Tai-e may thinks that: String tainted flows to File constructor, then to substring(File calls substring internally), then return to t2 then to sink(which is unwanted a control flow merge, causing a spurious tainted flow). This controll flow merge will not solved by k-obj context sensitivity, because the base object "tainted" is allocationed in main function, which have only 1 depth of object context. So every call to tainted.substring will merge to one CSMethod.
2-callsite sensitivity may help in this case, but many jdk calls is deeper than two calls.
I think one way to solve this kind of problem is to use transfer function and sanitizer (I am not sure this is a proper/intended way to use sanitizer), that is,

transfers:
  - { method: "<java.lang.String: java.lang.String substring(int,int)>", from: base, to: result }
  - { method: "<java.lang.String: java.lang.String substring(int)>", from: base, to: result }
sanitizers: 
  something like: - { kind: base, method: "<java.lang.String: java.lang.String substring(int)>"}
  something like: - { kind: base, method: "<java.lang.String: java.lang.String substring(int,int)>"}

this will prevent the call to tainted.substring, thus eliminat the unwanted control flow merge.
But currently tai-e do not have sanitizer that stops base to result and base to arg transfers. It is unclear to me that how it can be elegantly implemented, because intuitively, sanitizer on base object should stop the base object to be assigned to this variable of callee. This is handled before plugin callbacks, and it is not a PFG so that can not be filtered.
I implement the sanitizer on base object, and it works as expected and do filter out many false positive(flow edges).
Is there better way to solve it? Thanks!

There is another interesting thing that i want to share, related to the precision of log4j tainted analysis.
Some of the supurious flows are caused by this pattern(such as org/apache/logging/log4j/core/config/composite/CompositeConfiguration.java:82):

public class HashMapTest {
    public static void main(String[] args) {
        HashMap<String,String> hm1 = new HashMap<>();
        HashMap<String,String> hm2 = new HashMap<>();

        String tainted = source();
        String tainted2 = "123";

        hm1.put("1",tainted);
        hm2.put("1",tainted2);

        for (final Map.Entry<String, String> entry : hm1.entrySet()) {
            sink(entry.getValue());
        }

        for (final Map.Entry<String, String> entry : hm2.entrySet()) {
            sink(entry.getValue());
        }
    }

    public static String source(){
        return "tt";
    }

    public static void sink(String str){
        return;
    }

It will need 3-obj sensitivity, to seperate the tainted flow with non-tainted flow, since entryset iterator is allocated in entryset, which is allocated in hashmap. The goal is to seperate two different hashmaps, so i have to record the allocation site of the allocator(entryset)'s allocator(hashmap). If we use 2-obj sensitivity, result will contains a spurious flow that source flows to hm2 then to sink, which is not going to happen dynamically.
It is not possible for me to able to enable 3-obj sensitivity in the log4j analysis(OOM). But i found that if i use 1-obj for most part of the program, 3-obj for objects that are of inner class type and methods that belong to inner class type, it is only a little slower than 1-obj(1.5x), and much more precise.
If i use 2-obj for inner class related, 1-obj for other, it is actually faster (0.6x) and more accurate than 1-obj for all.
Is this a valid heuristic? Or are there better solutions?
Looking forward to your reply! Thanks for the time.
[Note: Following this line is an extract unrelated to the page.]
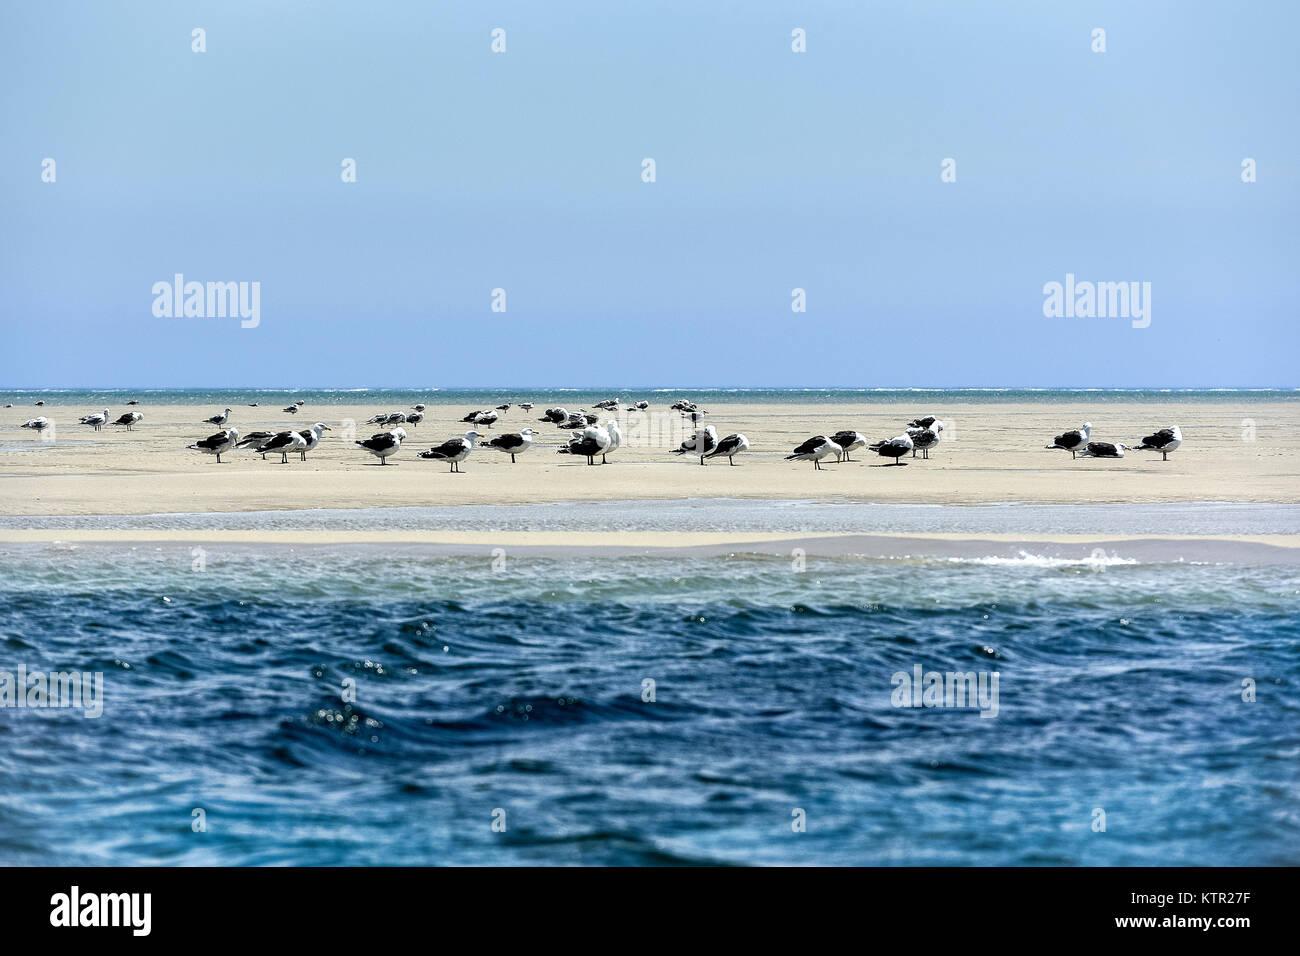 Group of seagulls on a sandbar, Cape Cod, Massachusetts, USA. - Stock Image

Thank you very much for your valuable feedback!

Regarding your first question, we have been able to reproduce the relevant scenario and, after multiple tests, have identified potential inaccuracies in reflective resolution within contexts such as ci, 1-type, 2-type, 1-call, and 2-call. We are delving into an in-depth investigation of this issue and are considering employing more accurate default configuration schemes in subsequent versions to address this problem.

As for your second question, your perspective is correct. If our taint propagation relies less on the implementation of specific applications but more on the internal methods of the JDK, it will contribute to better supporting the analysis of different programs. This approach represents an ideal way to fill in the transfer.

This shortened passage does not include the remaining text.